• **DESCRIPTION OF THE TASK**
Skipping all pictures, print exactly the lines below from the one with "مزارع فلسطيني من" through the final line.

• **PROVIDED MATERIAL**
################
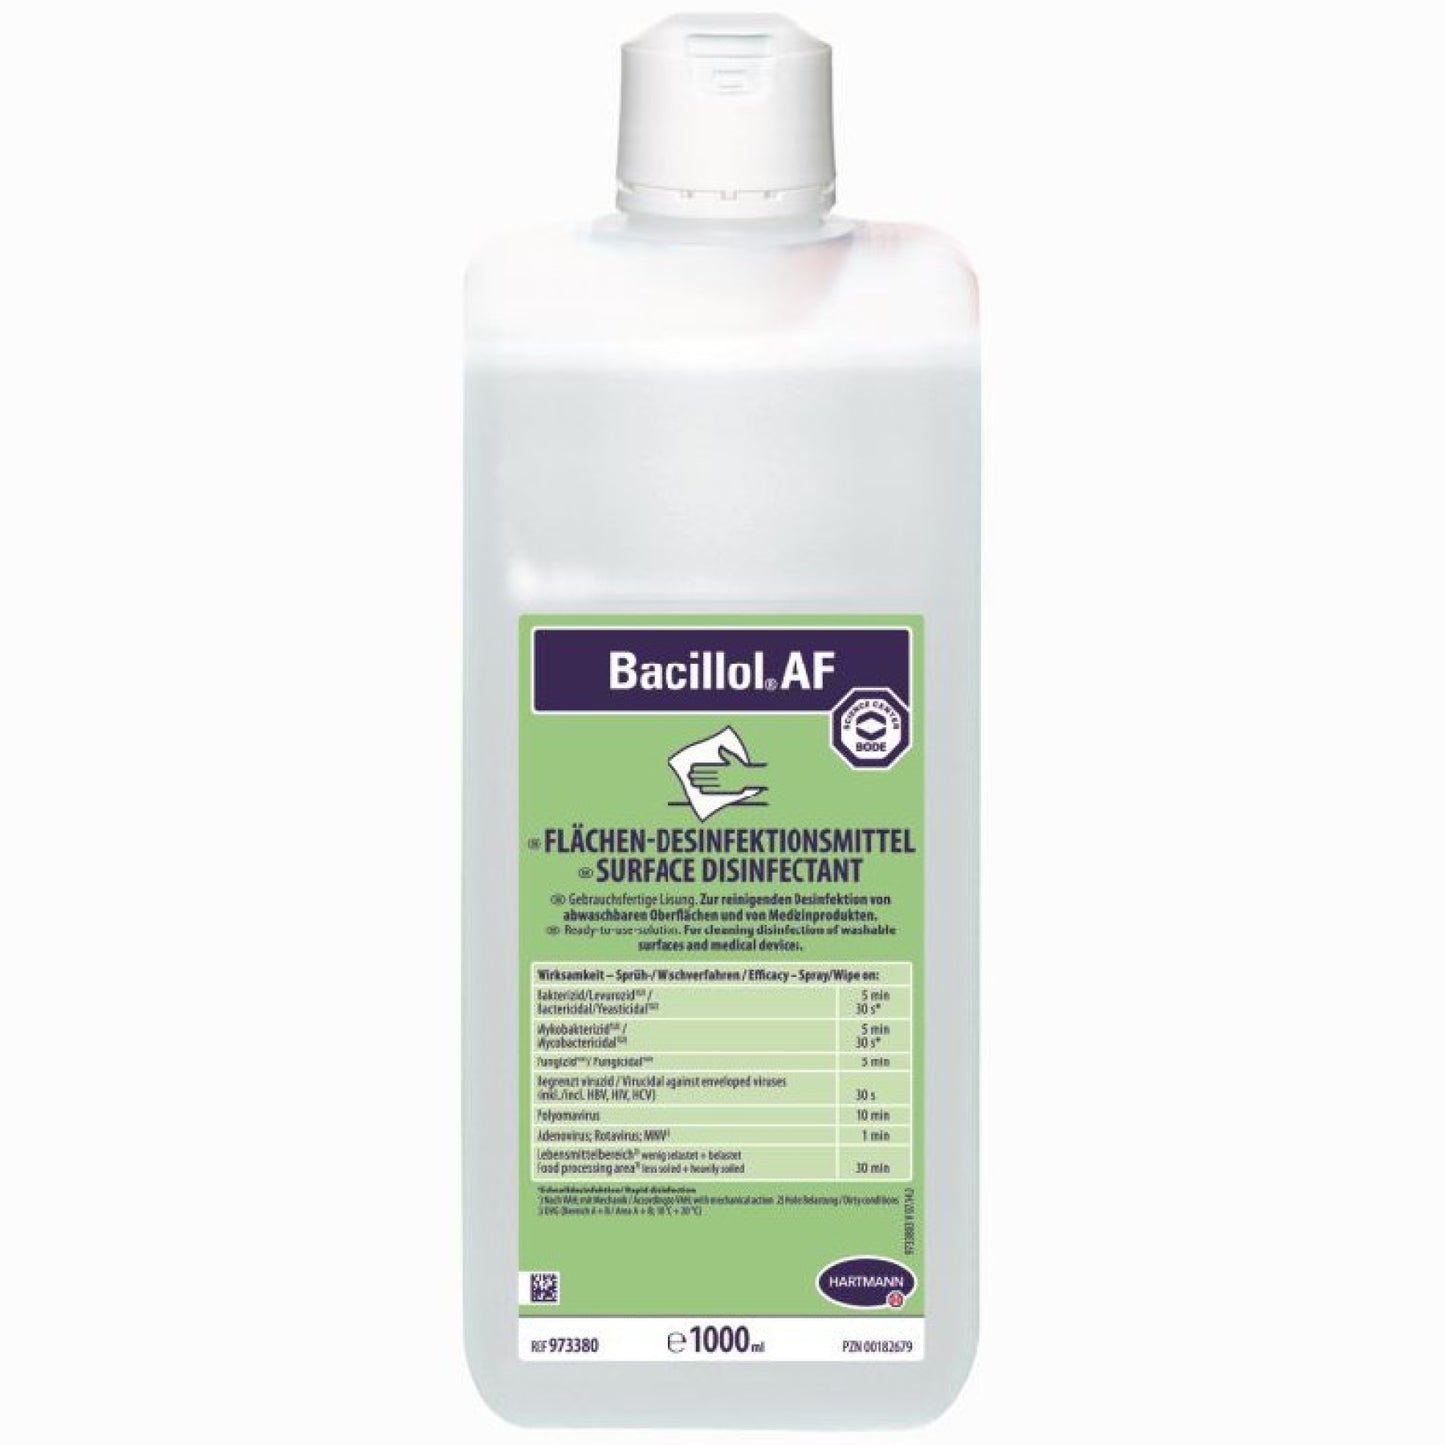 Bacillol AF - Flächendesinfektion, alkoholisches Schnelldesinfektionsmittel
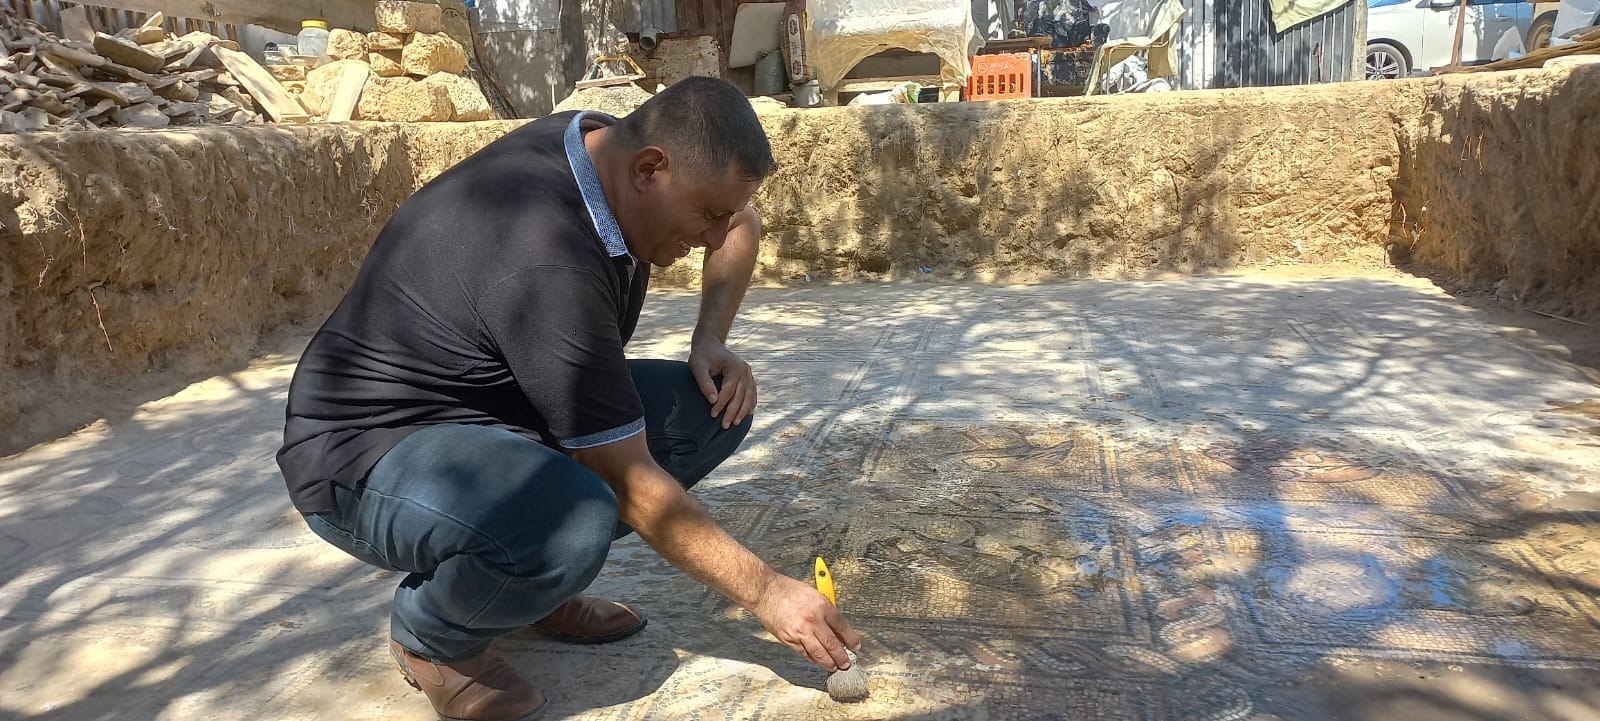 مزارع فلسطيني من البريج في غزة يكتشف وجود لوحة فسيفسائية مزخرفة تعود للعهد البيزنطي 185.jpg
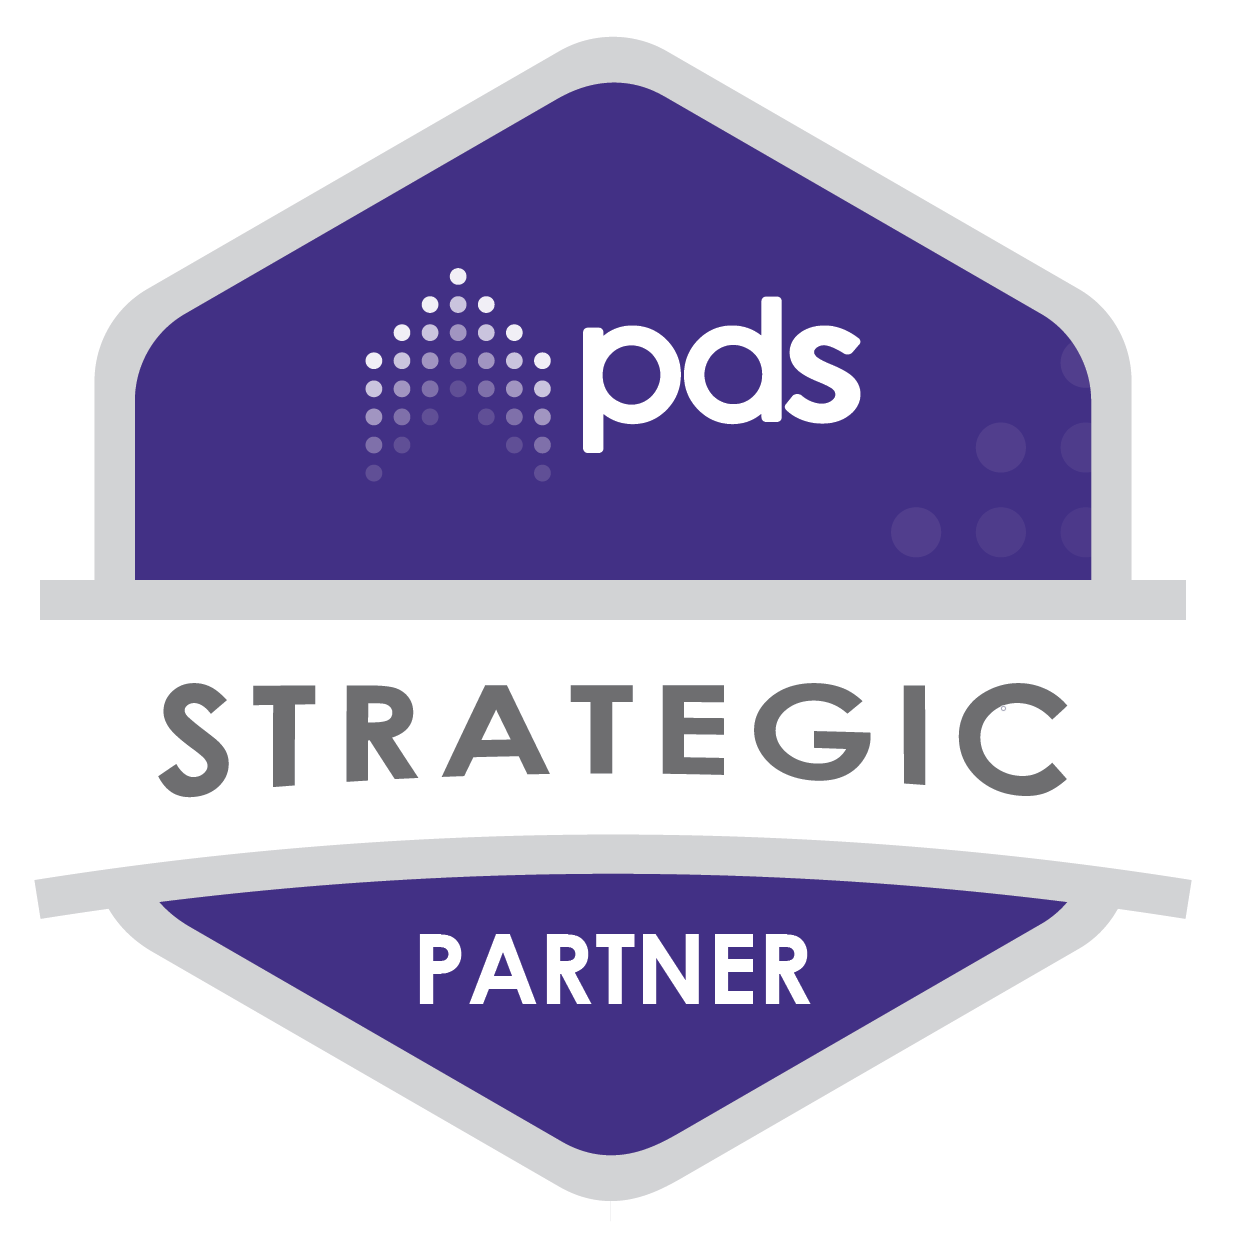 PDS strategic partner badge
################
• **FINISHED TASK**
 مزارع فلسطيني من البريج في غزة يكتشف وجود لوحة فسيفسائية مزخرفة تعود للعهد البيزنطي 185.jpg
 PDS strategic partner badge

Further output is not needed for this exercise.